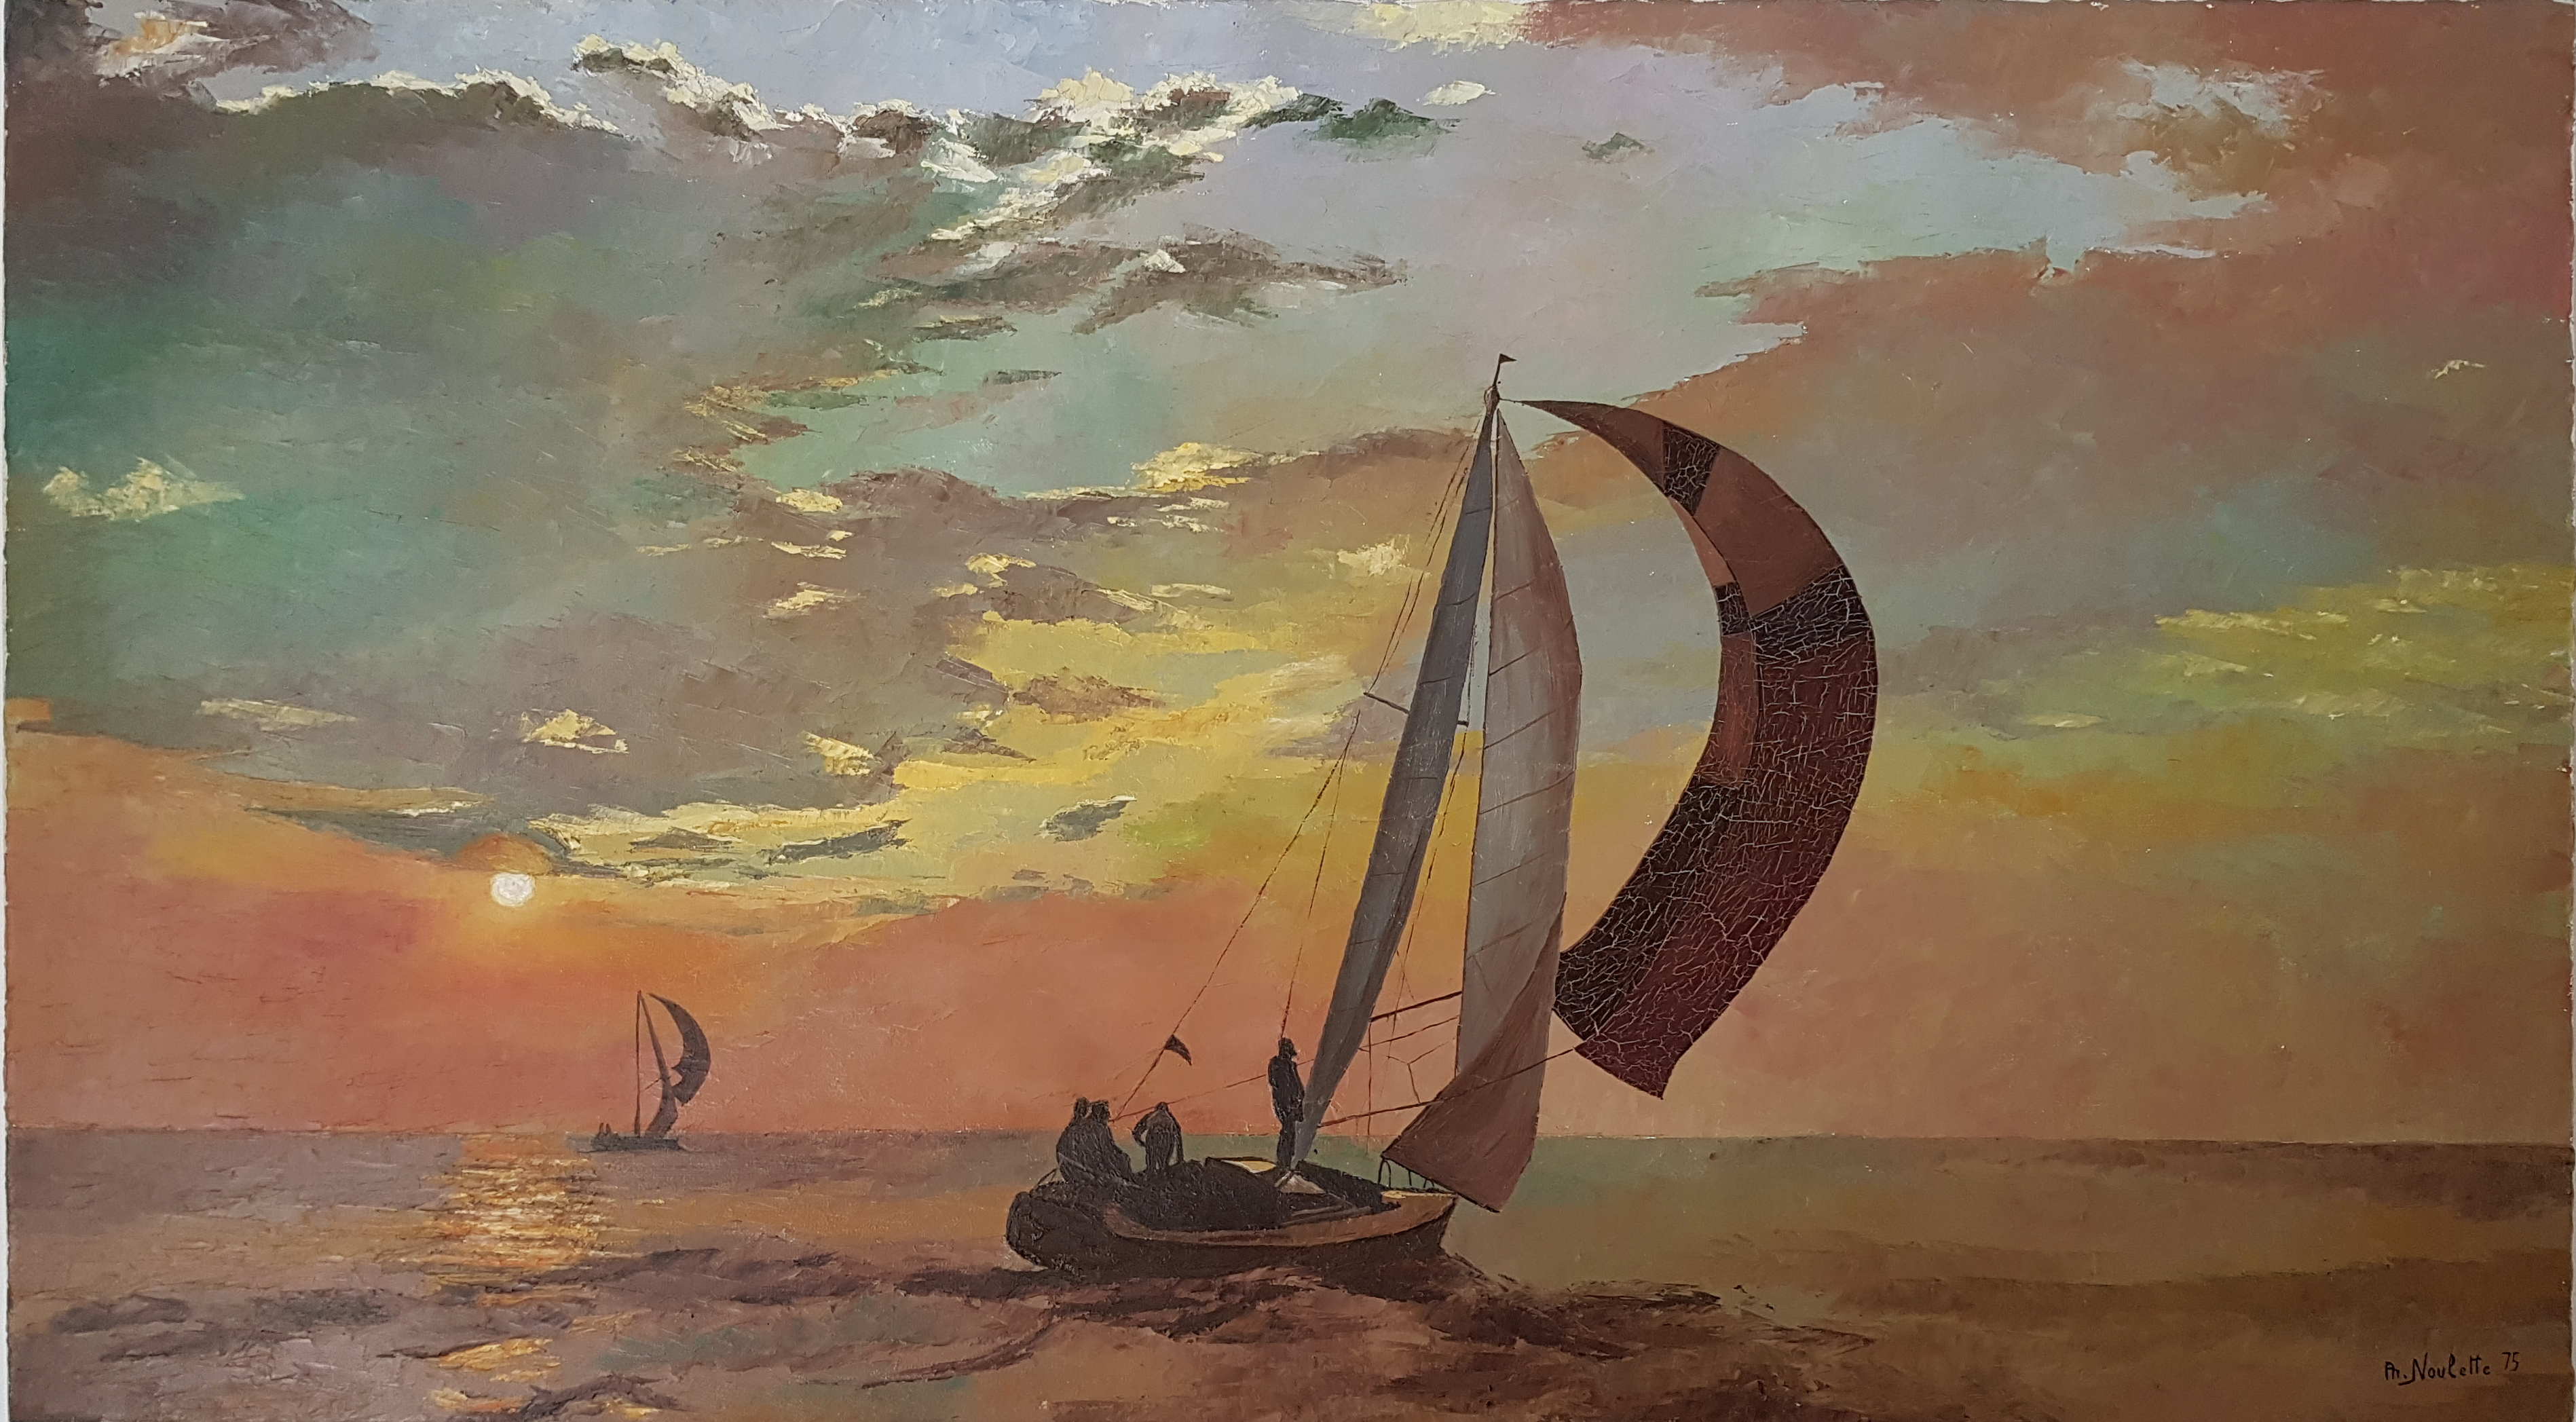 Coucher de Soleil, 1975, huile sur toile/chassis, 70 x 124 cm. Cette peinture sans prétention, réalisée innocemment à l
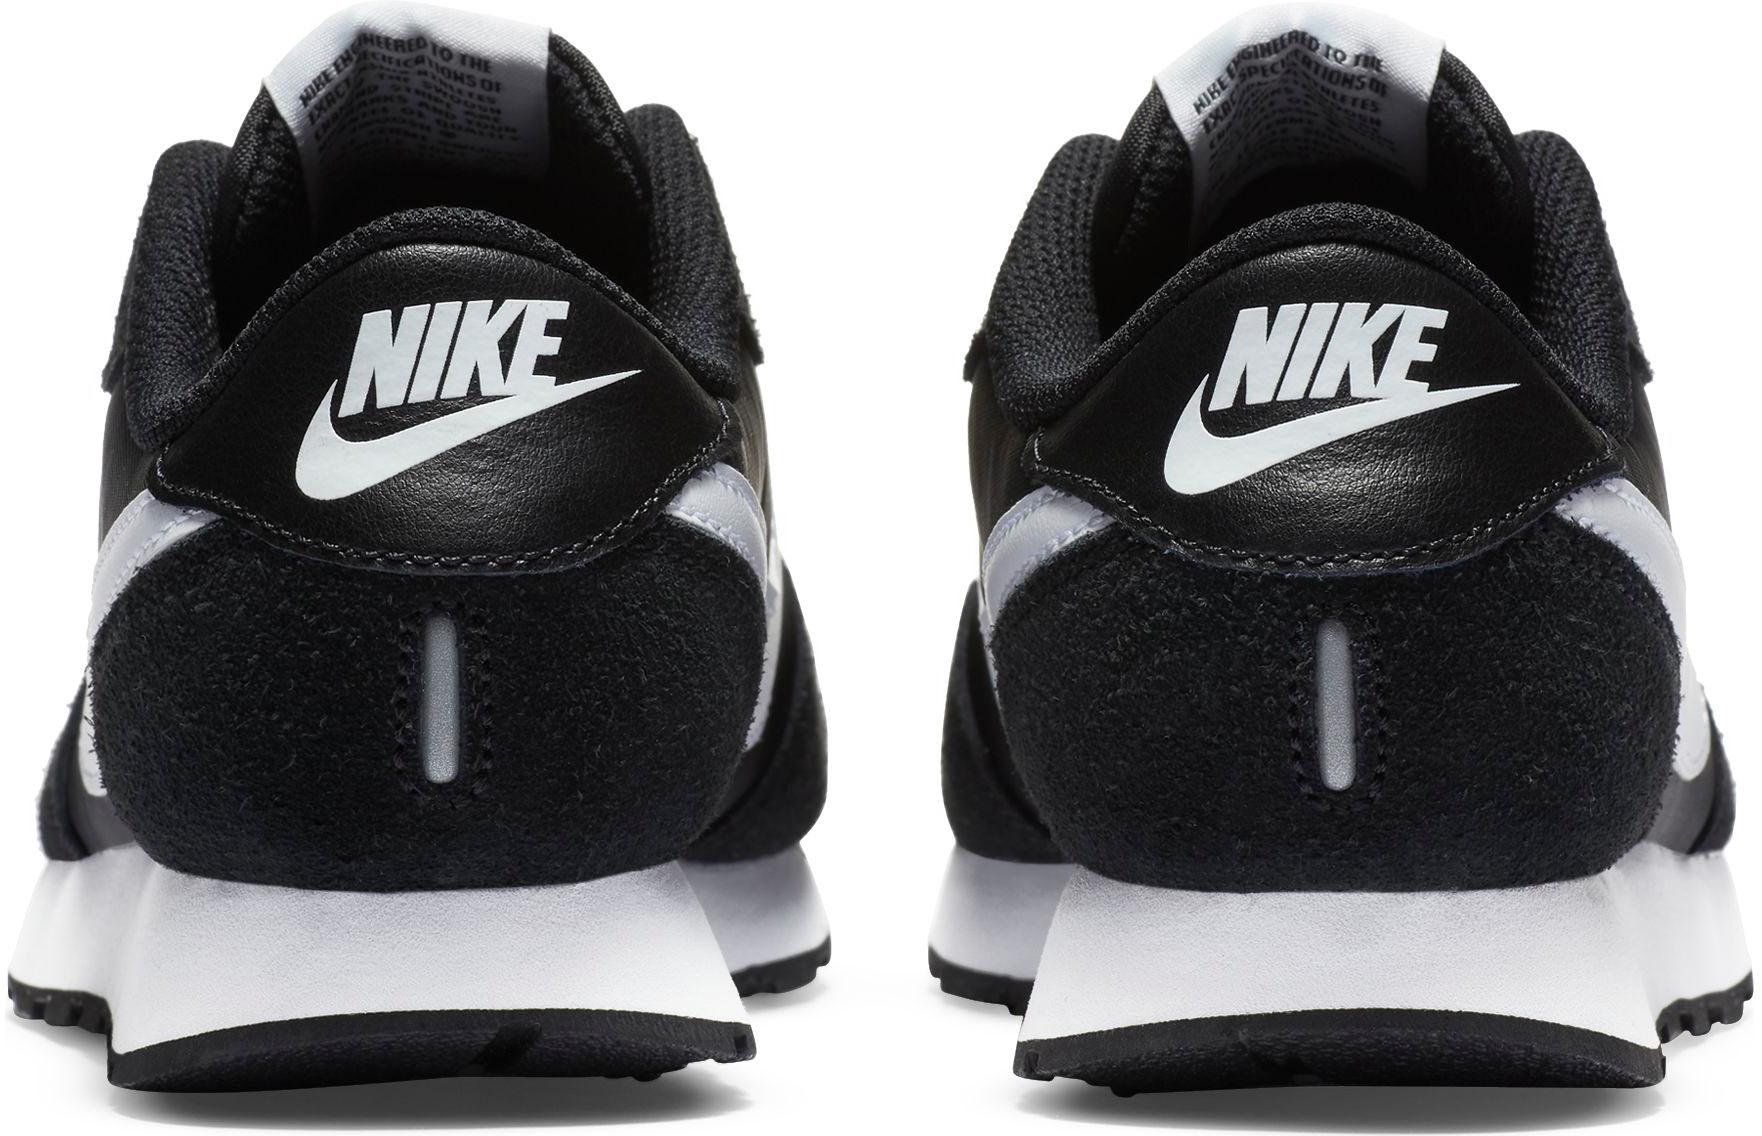 black-white Nike Shop kaufen von Kinder SportScheck MD im Sneaker VALIANT Online
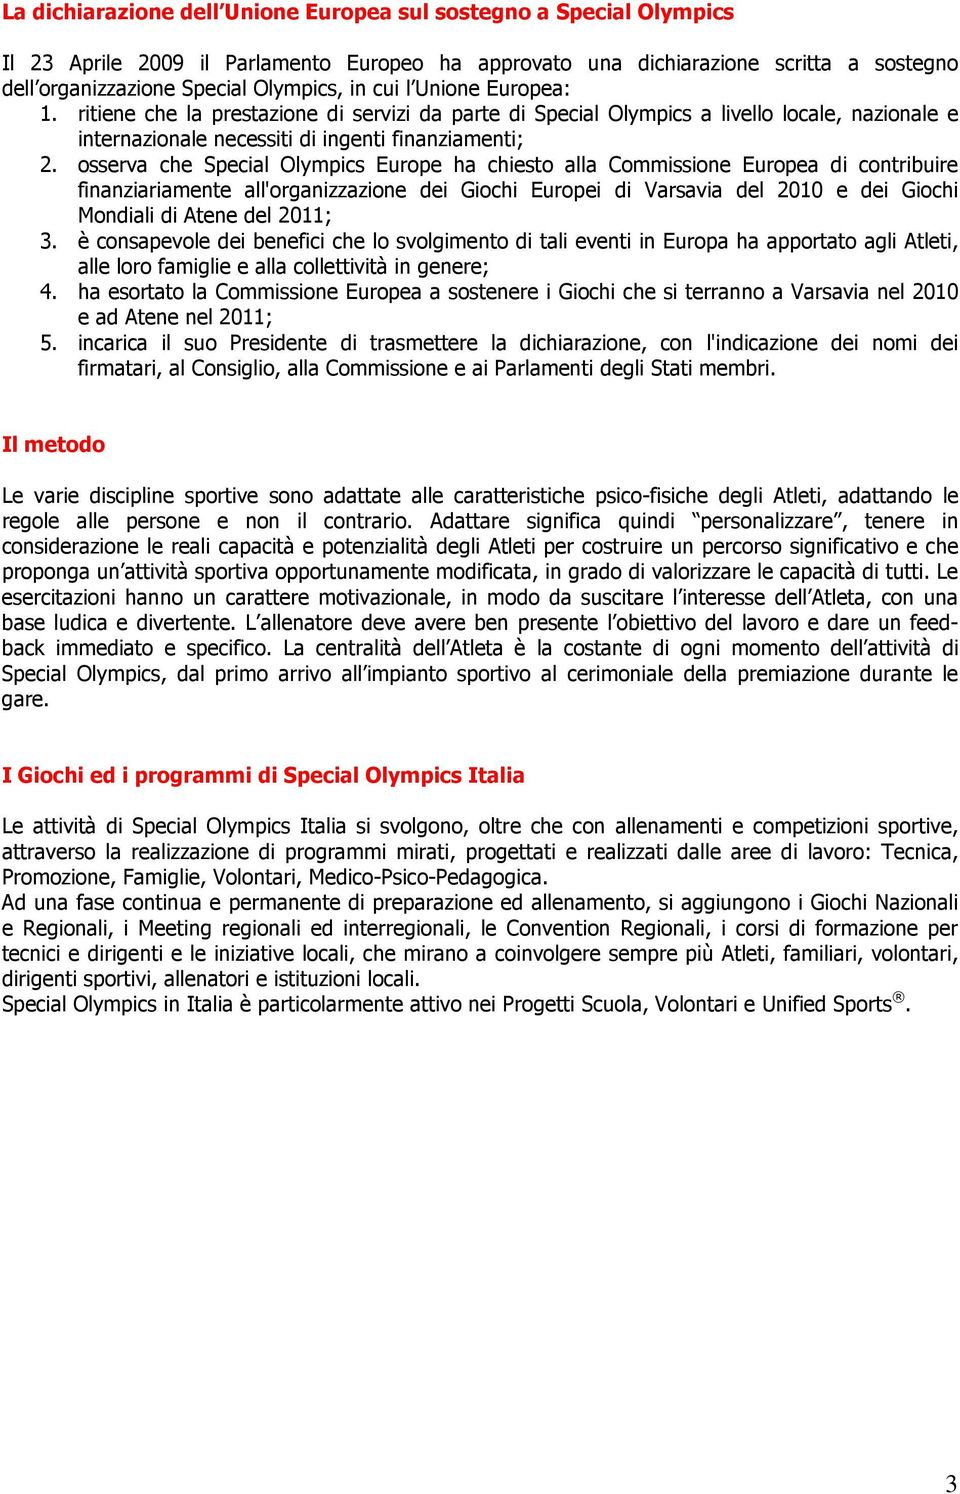 osserva che Special Olympics Europe ha chiesto alla Commissione Europea di contribuire finanziariamente all'organizzazione dei Giochi Europei di Varsavia del 2010 e dei Giochi Mondiali di Atene del

PROBLEM DETAILS>
Retype the whole listing exactly and leave the pictures out.

SOLUTION TO THE PROBLEM>
 Coucher de Soleil, 1975, huile sur toile/chassis, 70 x 124 cm. Cette peinture sans prétention, réalisée innocemment à l
 black-white Nike Shop kaufen von Kinder SportScheck MD im Sneaker VALIANT Online
 osserva che Special Olympics Europe ha chiesto alla Commissione Europea di contribuire finanziariamente all'organizzazione dei Giochi Europei di Varsavia del 2010 e dei Giochi Mondiali di Atene del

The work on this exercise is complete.